App puts Chinese chefs abroad on right track
Mapo doufu, a signature dish of Sichuan cuisine. A new Chinese-language app claims it has the world's largest Chinese cuisine recipe database.[Photo provided to China Daily] |
When Chinese tourists visit a Chinese restaurant abroad, they are often astonished to find that the food "from their homeland" does not taste like home food at all.
Chinese restaurants overseas have long lacked genuine flavor and both the money and time to send their chefs for training in China, but a new online platform offers a chance to turn things around.
Easteat, a major cuisine magazine in China, launched its mobile device app last week to promote international influence of Chinese cuisine, or as magazine head Liu Guangwei says, "to share culinary artists' experiences around the globe".
"Our magazines are now also released in other countries, but the channel is not efficient enough to interact with chefs of Chinese restaurants," Liu says.
According to Liu, there are now more than 300,000 Chinese restaurants in over 150 countries or regions outside of China. The first Cantonese eatery appeared in the 1850s' United States.
"However, many founders of these restaurants originally started their business to make ends meet. They usually came from other industries and were not well-nurtured chefs."

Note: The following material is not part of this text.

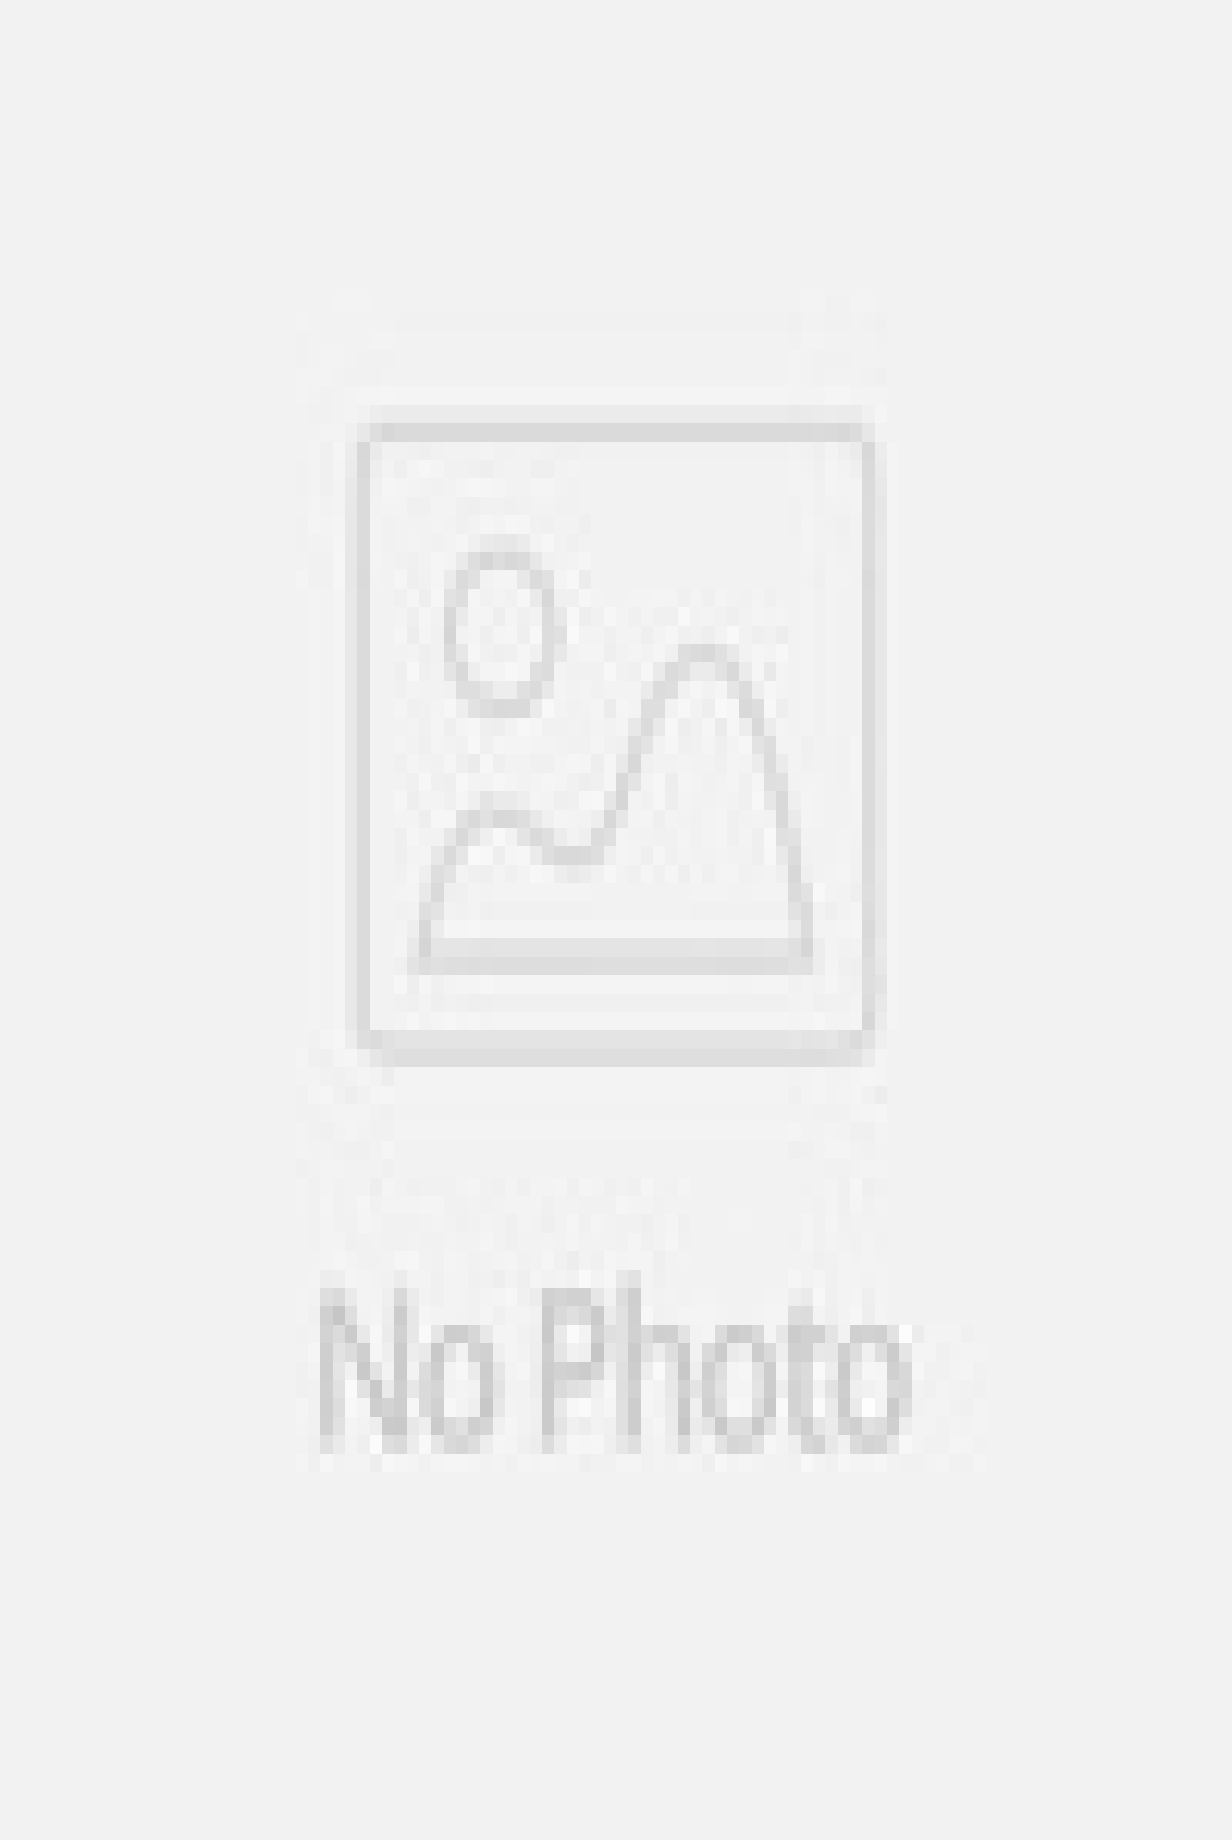 Salt Lamps Bayswater : Rock Salt Crystal Lamp Photo, Detailed about Rock Salt Crystal Lamp Picture on Alibaba.com.

Liu also frets that those chefs do not follow a master-apprentice system like in China, which limits the passing down of traditional techniques, and Chinese culinary schools abroad are few and far between.
The new Chinese-language app combines WeChat and several websites, and its developer, Hou Wenyong, claims it has the world's largest Chinese cuisine recipe database and Chinese restaurant management models. An interactive forum allows chefs to hone their skills through discussions.